Zitat Zitat von Barbarella Beitrag anzeigen
Es liest sich für mich eher, als wenn Du unter sich zwanghaft sich wiederholende Gedanken und die damit verbundenen Gefühle handelt. Wahrscheinlich hast Du in Deiner Kindheit gelernt, daß Liebe und Geborgenheit untrennbar mit schmerzahftem Verlust und zwanghaftes klammern an den verloren gegangenen Menschen, geknüpft ist. Wenn Du die Ursache findest, kannst Du diese Zwanghaftigkeit, die Dein Unterbewußtstein diesbezüglich immer wieder erzeugt, wieder auflösen. Bis dahin kannst Du nur versuchen die Symptome zu lindern, indem Du Dich ablenkst von den Gedanken, indem Du Dich auf Dich konzentrierst, mit Dingen durch die Du Dich besser fühlst. Wünsche Dir gute Besserung und daß Du das in den Griff bekommen kannst.

PS.: Bei zwanghaften Gedanken, haben sich bei mir unter anderem Hörbücher gut bewährt, oder Filme und Serien in anderer Sprache, wo die Aufmerksamkeit stark gebündelt werden muß, damit man die Handlung versteht. Da muß natürlich jeder seine eigenen Dinge finden, die zu einem passen.
Du hast recht, ich leide bestimmt unter Verlustangst... ich bin eigentlich nie geliebt worden, und die Geborgenheit nie gespürt, mein Vater war Alkoholiker, Meine Mutter liebte meinen Bruder, mein Bruder hat mich ständig geschlagen.

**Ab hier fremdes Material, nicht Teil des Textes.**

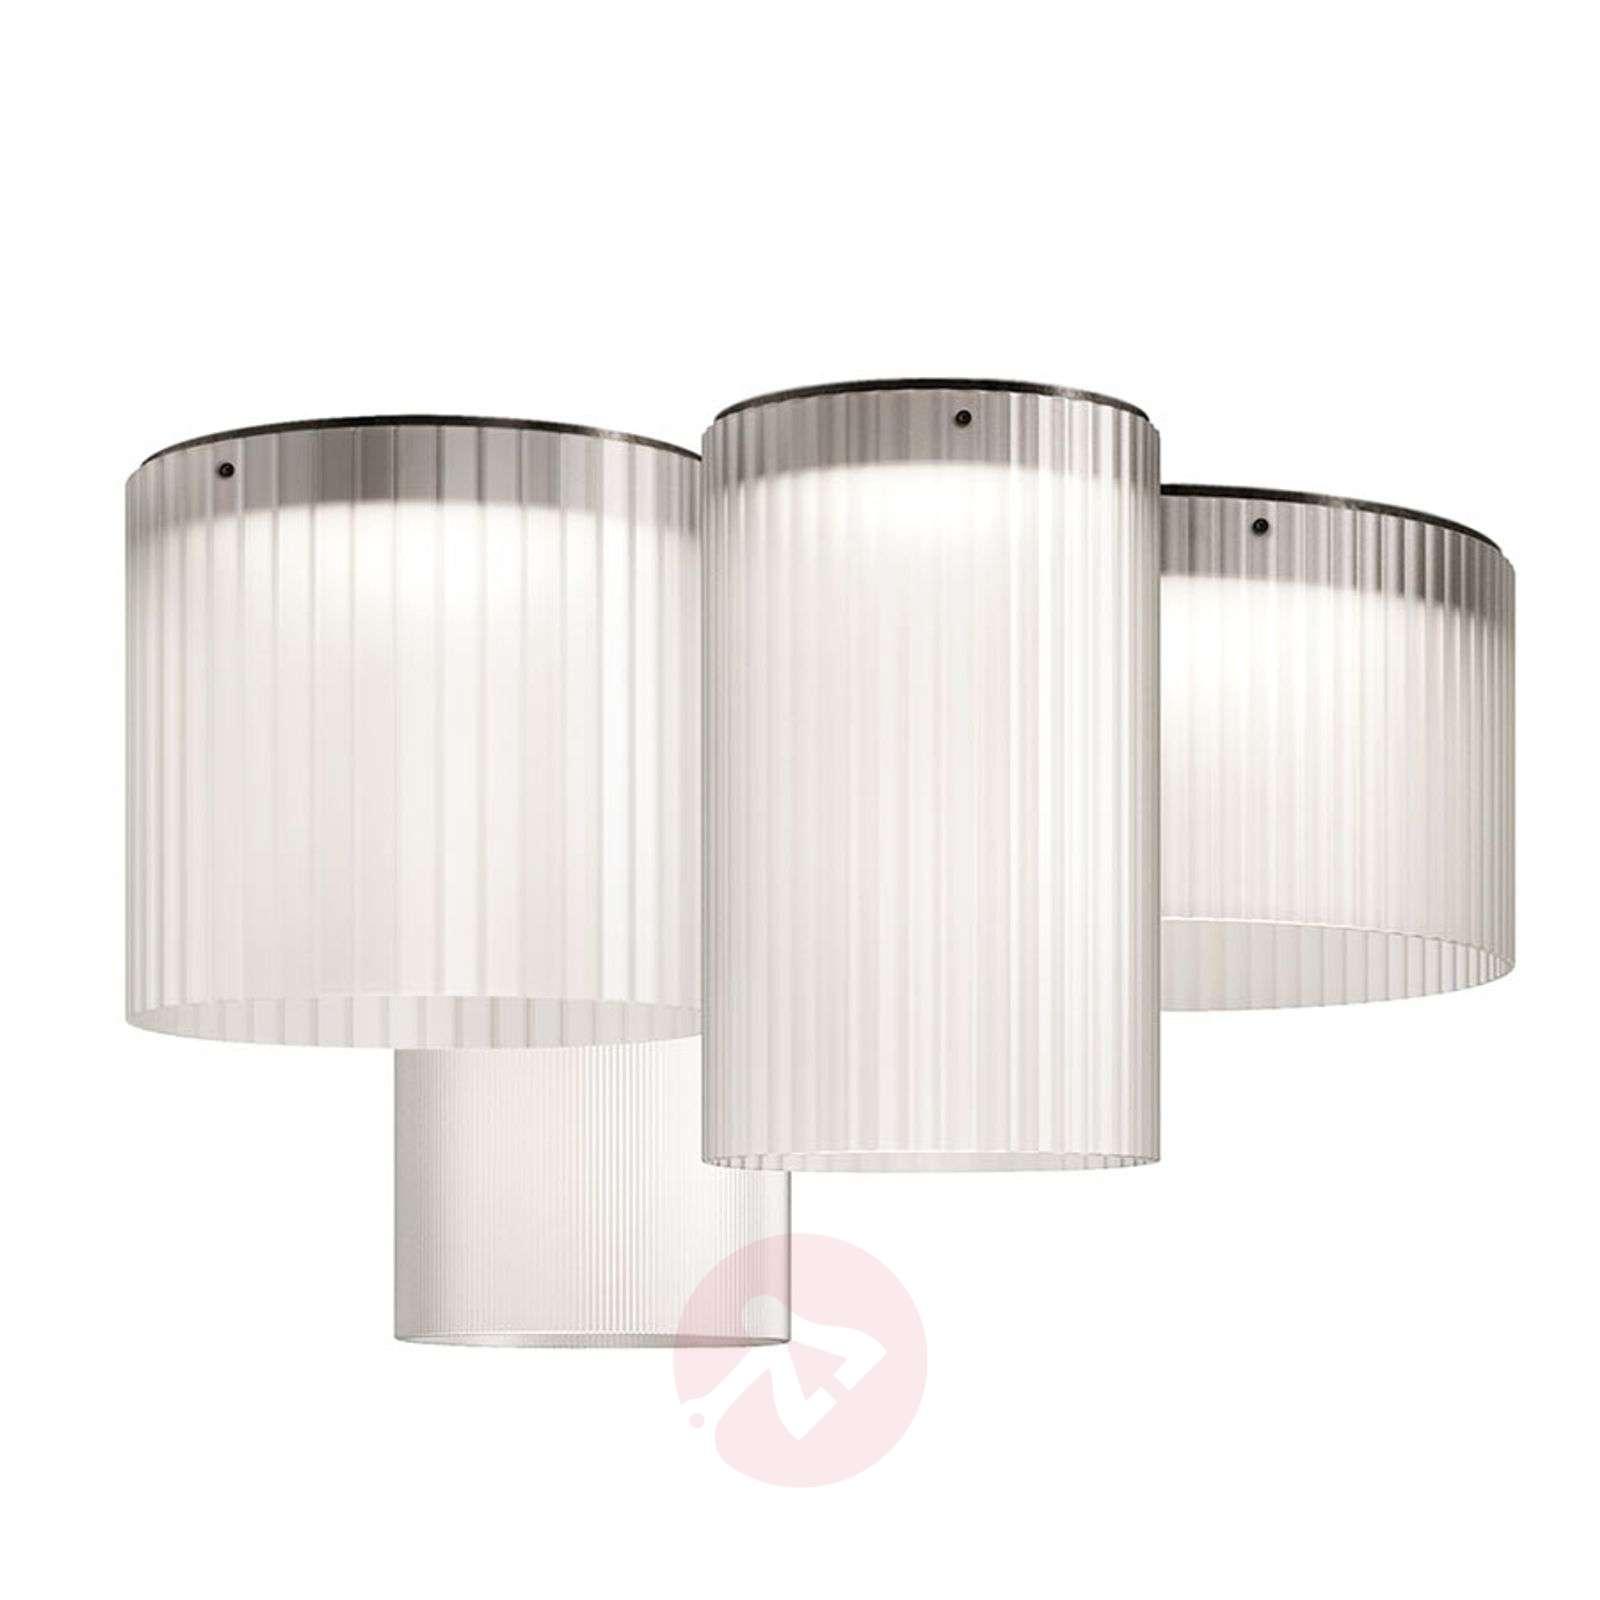 Kundalini Giass LED ceiling light, Ø 40cm-5520223X-01
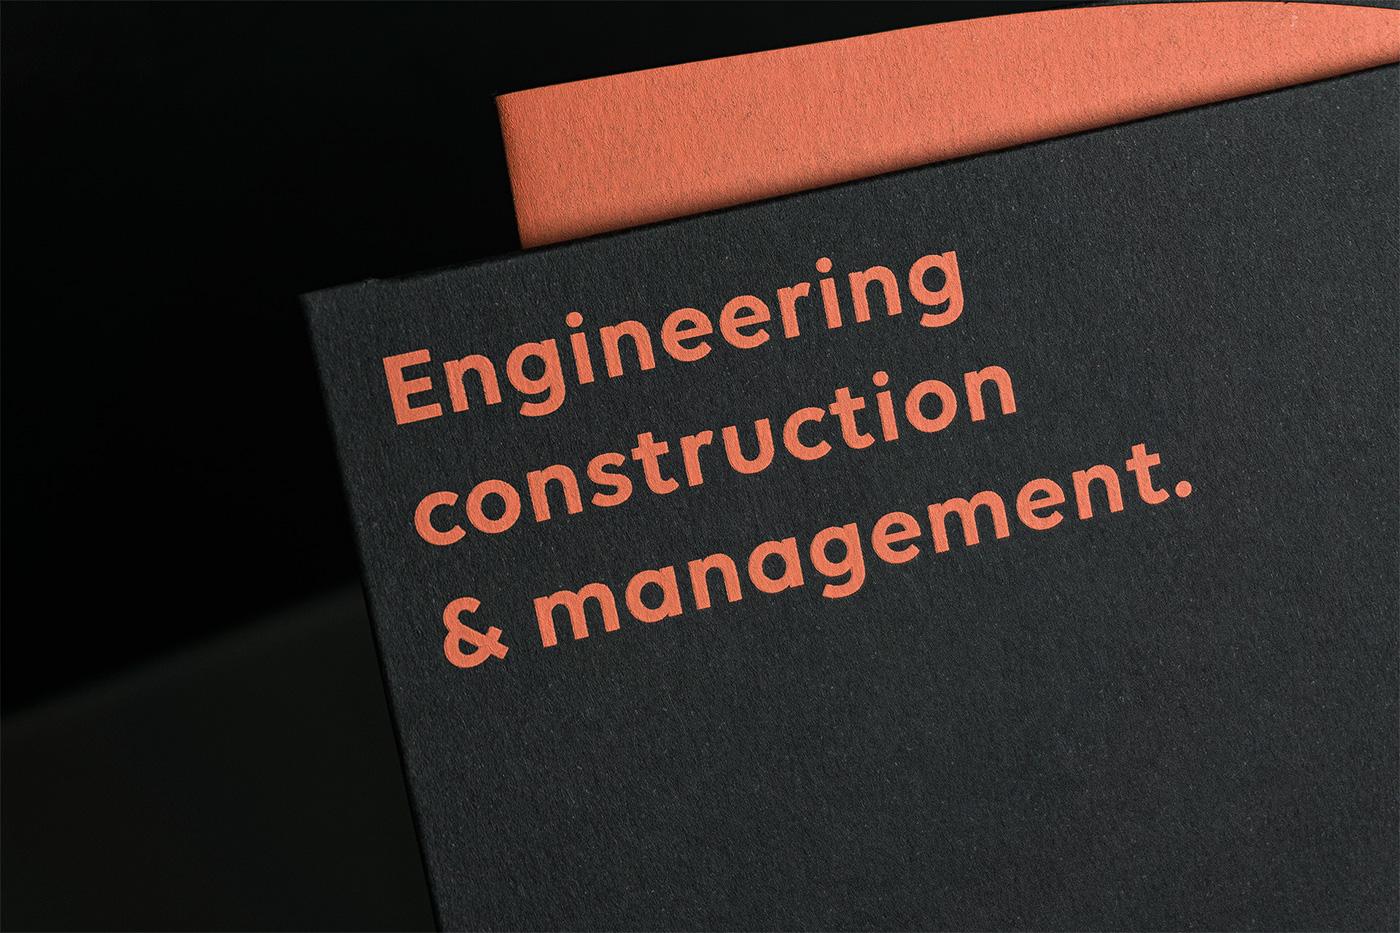 Engineering  management construction angelosbotsis visual identity Civil Engineer athens Greece visuals

Ich habe mich immer nach Liebe gesehnt... nach Annerkenung etc. und habe versucht mir es zu "erkaufen", ich bin aber in vergleich zu anderen Verlustängstler ziemlich selbstbewußt, (klemme in Beziehungen nicht, kontrolliere nicht etc.) vielleicht deswegen - bin ich noch in Stande die falchen "Beziehungen" zu erkennen und sie zu verlassen. Jedoch später leide ich trotzdem schrecklich.... und falle immer wieder rein auf "Lovebombing"...

Als das alles in meiner Kindheit passierte, ich war nicht mal 6 Jahre alt, als er mich begraben hat - weil er vermutlich dachte das ich tot bin, weil ich bewusstlos, nach dem ich zum bewußt kam, könnte ich mich irgendwie ausgraben und rauskommen, es war Sommer, das Loch war nicht sehr tief und die Erde sehr trocken. Ich habe Stundenlang in dem Wald geirrt, und wußte nicht was passiert ist. Danach hat man mich zum Arzt und zu Polizei gebracht wo ich Stundenlang ausgefragt worden bin, mein Kehlkopf war zerdrückt, so das ich nur schwer sprechen könnte... ja... auch danach war eigentlich niemand für mich da, mein Bruder hat mich sehr geschlagen, der Vater alkoholkrank, die Mutter die sehr viel arbeitete um die Schulden, die der Vater gemacht hat auszugleichen, der Bruder der geschlagen hat...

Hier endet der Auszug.